The clock package duplicates much of the functionality of time
from the standard library, while allowing for greater control over the flow of time for use in testing and simulations. Each clock instance may track its own flow of time (using its own definitions of Time or Duration as necessary), while appropriately triggering Timers and Tickers created with them. These may be useful for mocking the time
package in test code as well as working with simulation timers while retaining the familiar API of the time
package.
In general, clocks provided by these packages should behave monotonically (unless explicitly set or stepped backwards) and should also provide a thread-safe public interface. There are several implementations supplied in subpackages below.

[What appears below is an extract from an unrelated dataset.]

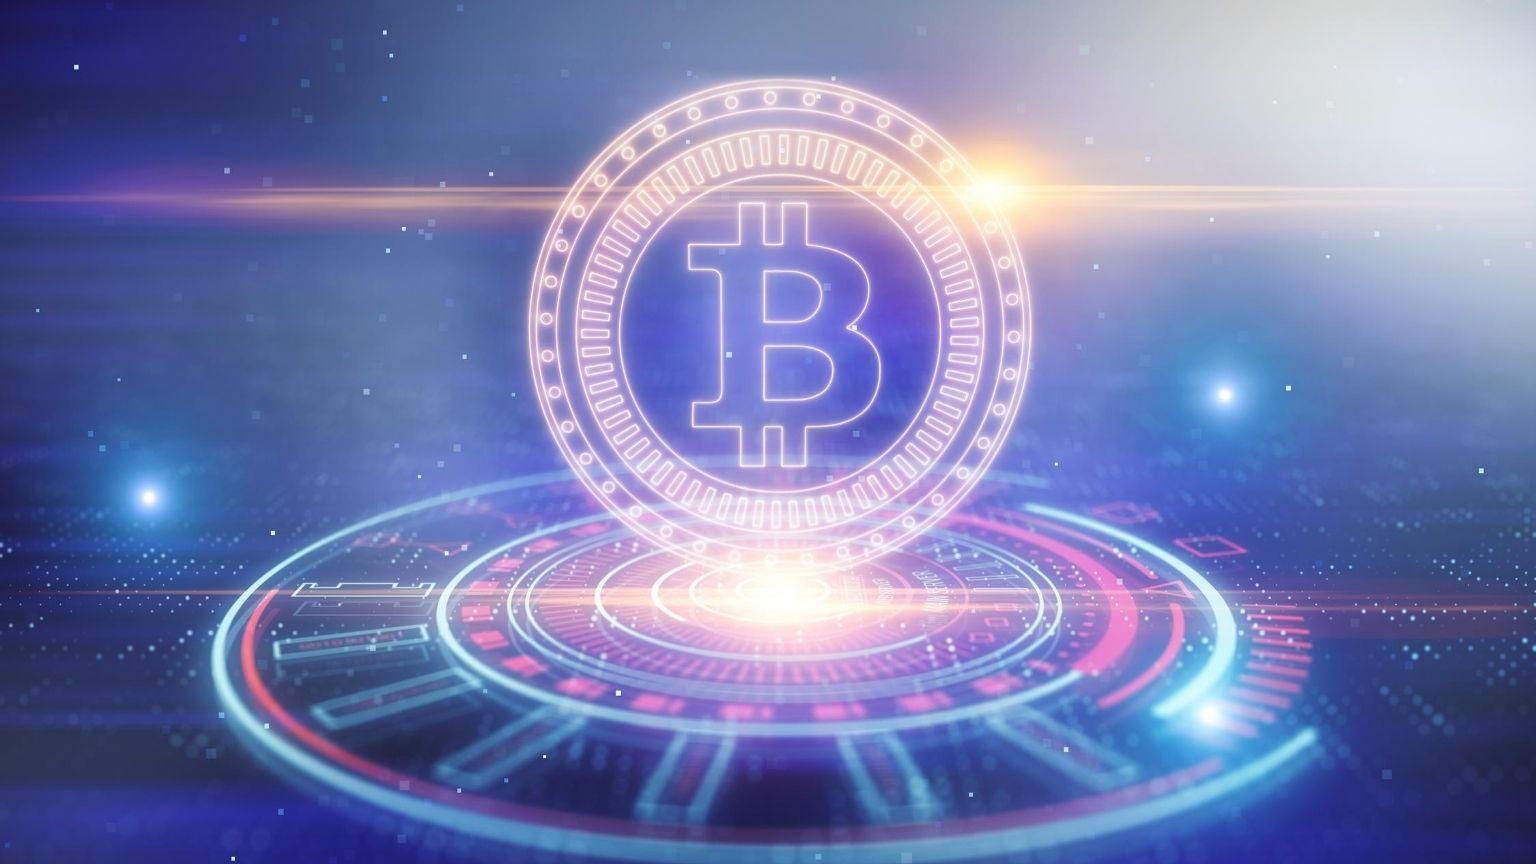 (Advanced) Mastercoin Explained. An Amazing Bitcoin 2.0 Idea!

The design of this package is mostly complete, though there may still be some bugs to work out or minor API changes before a stable release.
A thin wrapper around the time
package. One important caveat is that Timers and Tickers provide access to their channel via a C()
method rather than a field of the same name. This was decided to permit easier specification of interfaces.
A basic clock implementation using a simple time representation that starts at zero and counts upwards. It advances only when explicitly stepped.
A clock that can be set to track another clock as a reference with a specified offset and scaling factor. It may start, stop, or adjust any tracking parameters at runtime, with timers created on it behaving appropriately. It is defined with a generic interface so that it may be used with clocks that use various implementations of time or duration values.
Uses relativetime and realtime to implement a drop in replacement for a realtime clock with all the additional control of a relative clock. It also provides package-level functions to match the API of the standard library's time
package, for mocking purposes. Note that the caveats for Timers and Tickers mentioned for realtime clocks above apply here as well.